Verizon yesterday introduced its XLTE service, doubling the LTE bandwidth in some select markets to improve peak speeds on a range of devices, including the iPhone 5s, the iPhone 5c, the iPad Air, and the Retina iPad mini.
XLTE is the name given to Verizon’s AWS spectrum, which the company initially purchased back in 2012. Akin to opening another lane on a congested freeway, XLTE will open up new bandwidth for those using an AWS-compatible device, which includes the iPhone 5s and the 5c, ultimately resulting in faster LTE speeds. XLTE simply refers to LTE on the AWS spectrum, with Verizon’s described speed increases resulting from more available bandwidth.
While not directly beneficial to users of older iPhones, XLTE does have the potential to result in increased bandwidth on the standard 700MHz spectrum used by those devices, as newer devices will automatically take advantage of the AWS spectrum.
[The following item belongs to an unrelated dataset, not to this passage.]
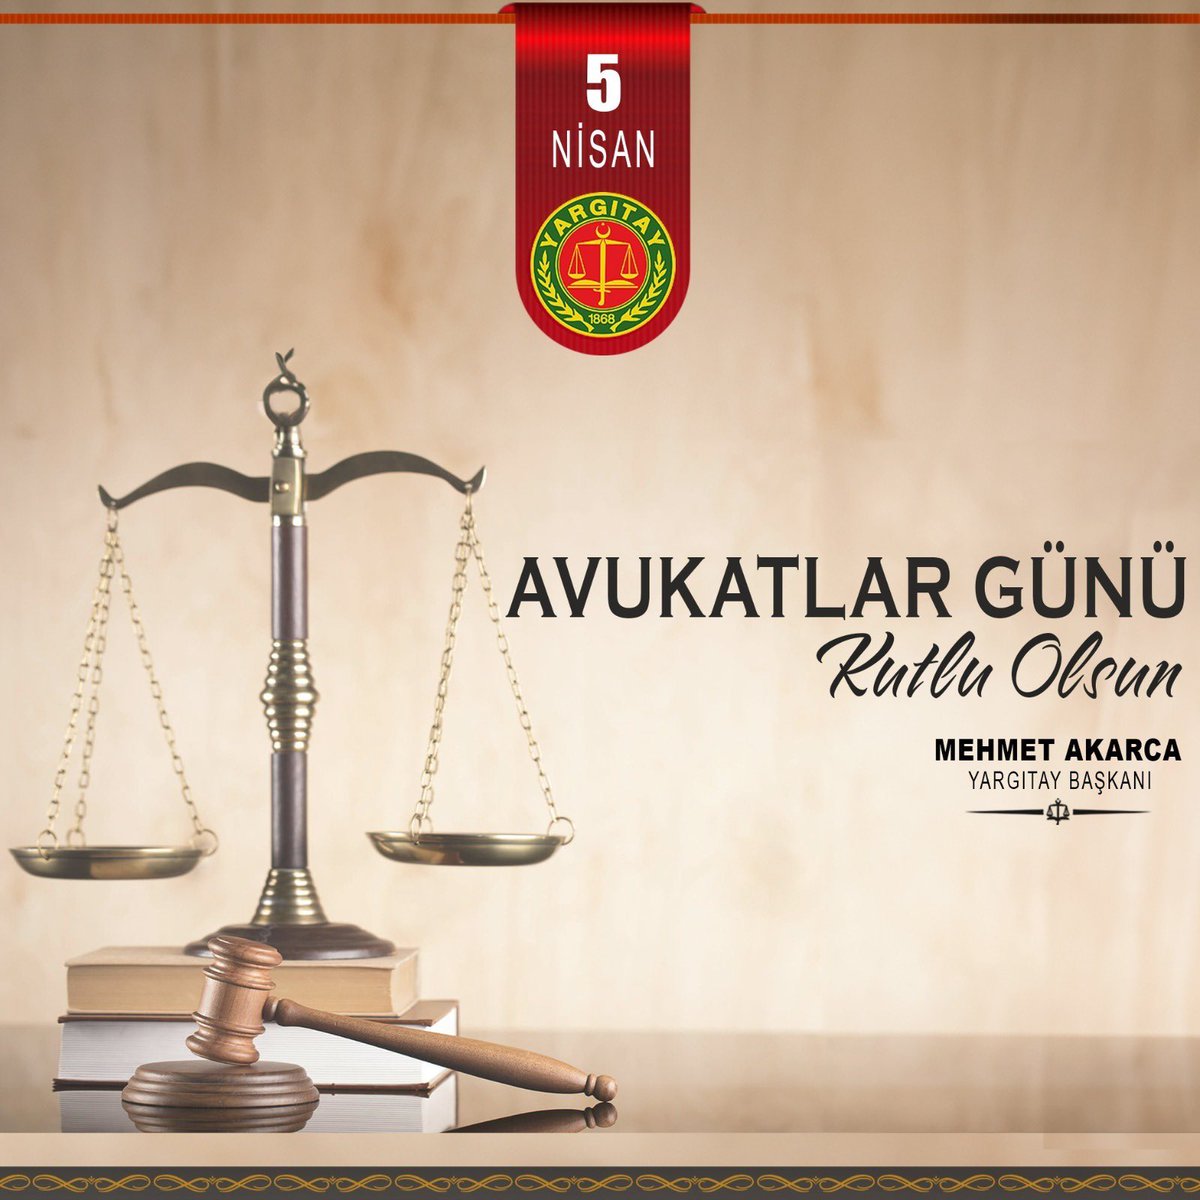 Yargıtay Başkanı Mehmet Akarca’nın 5 Nisan Avukatlar Günü’ne İlişkin Kutlama Mesajı yargitay.gov.tr/item/1791/yarg…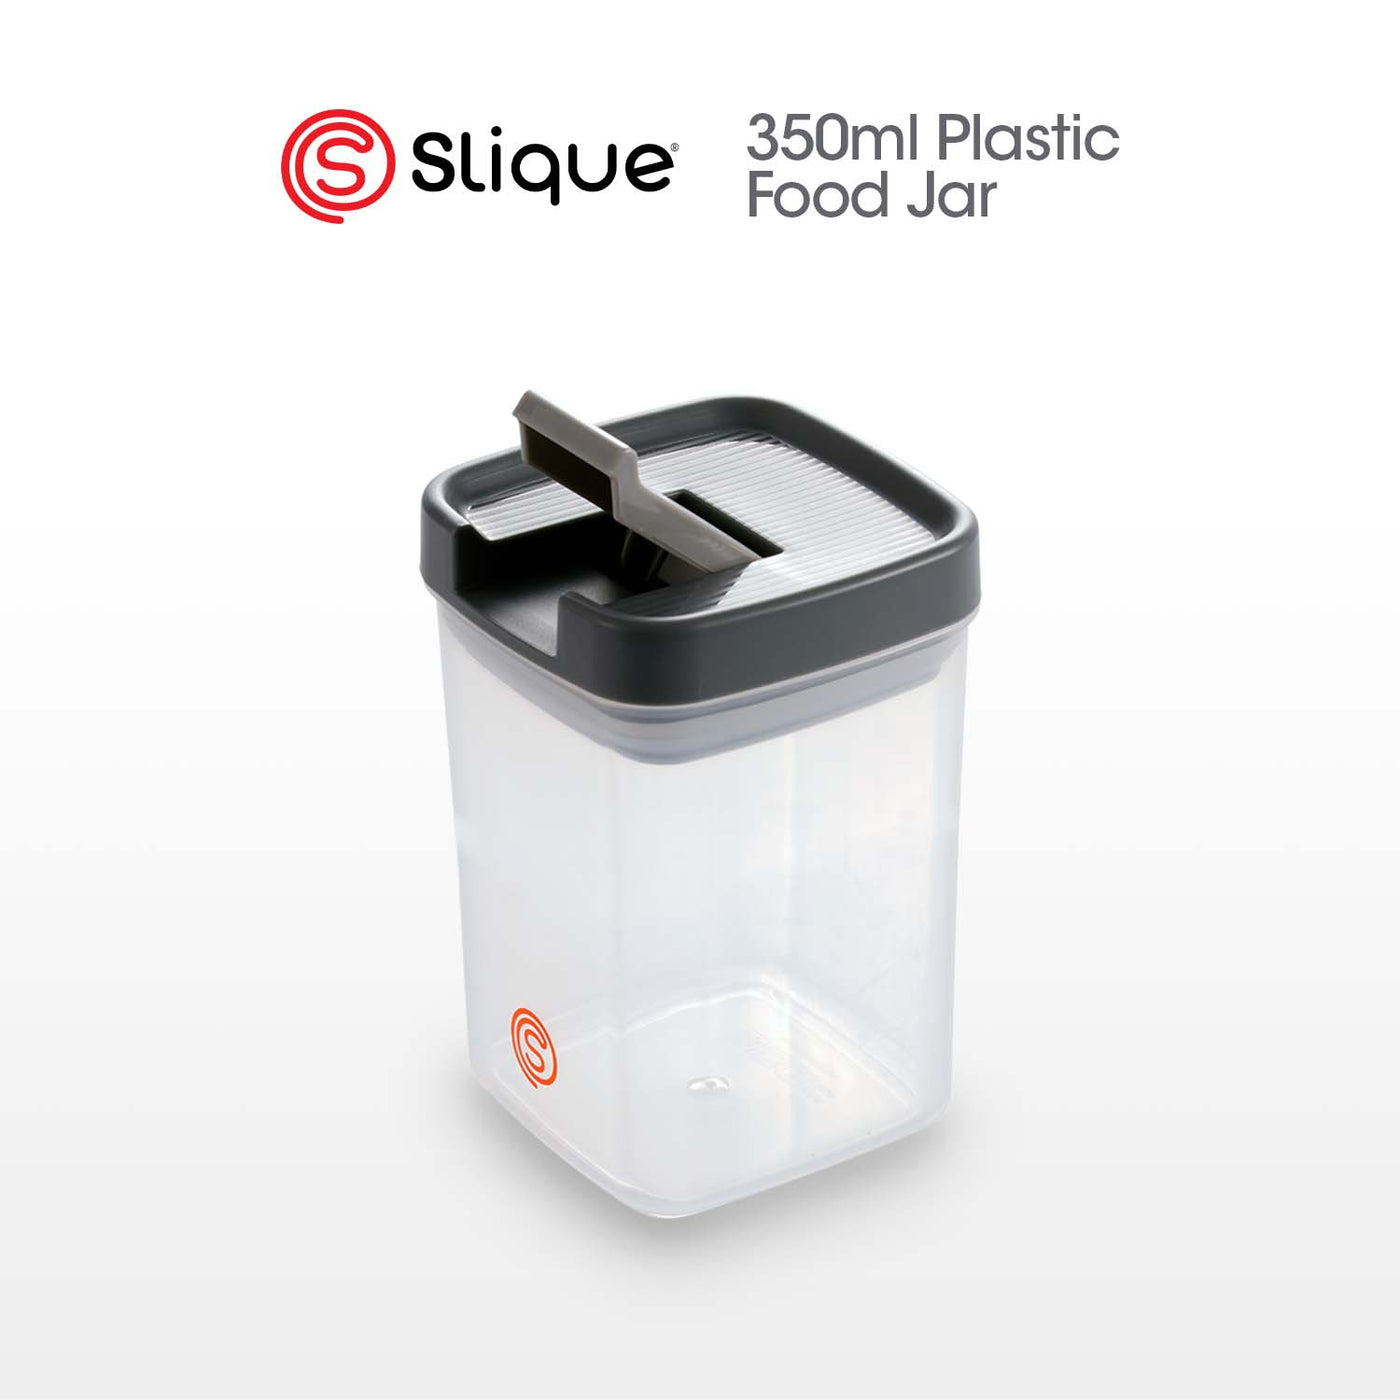 SLIQUE Premium PP Square Food Container 350ml|0.35L Airtight (Gray)

XLTE delivers faster peak data speeds and a minimum of double the bandwidth to 4G LTE customers in high traffic areas in markets nationwide where AWS spectrum has been activated.
While XLTE network enhancements are invisible to the customer, the mobile experience is not. XLTE Ready devices automatically access both 700 MHz spectrum and the AWS spectrum in XLTE cities. Customers with 4G LTE devices operating solely on the 700 MHz spectrum in XLTE markets also benefit from the extra capacity created by XLTE Ready device traffic moving to the AWS spectrum.
XLTE is currently available in multiple cities across 44 different states, which can be found on Verizon’s website [PDF]. According to Verizon’s estimates, the newly available AWS spectrum will improve LTE speeds for approximately 35 percent of the active devices on its network.
It is important to note that XLTE is simply a marketing term for LTE on Verizon’s AWS spectrum rather than a new wireless standard. It is similar to AT&T’s move to call HSPA+ 4G back in 2012 in order to distinguish it from standard HSPA 3G speeds.
Verizon has also announced VoLTE — or Voice over LTE — which is set to roll out to its network later this year. VoLTE, much like AT&T’s HD Voice, will improve voice quality by allowing users to make calls over LTE.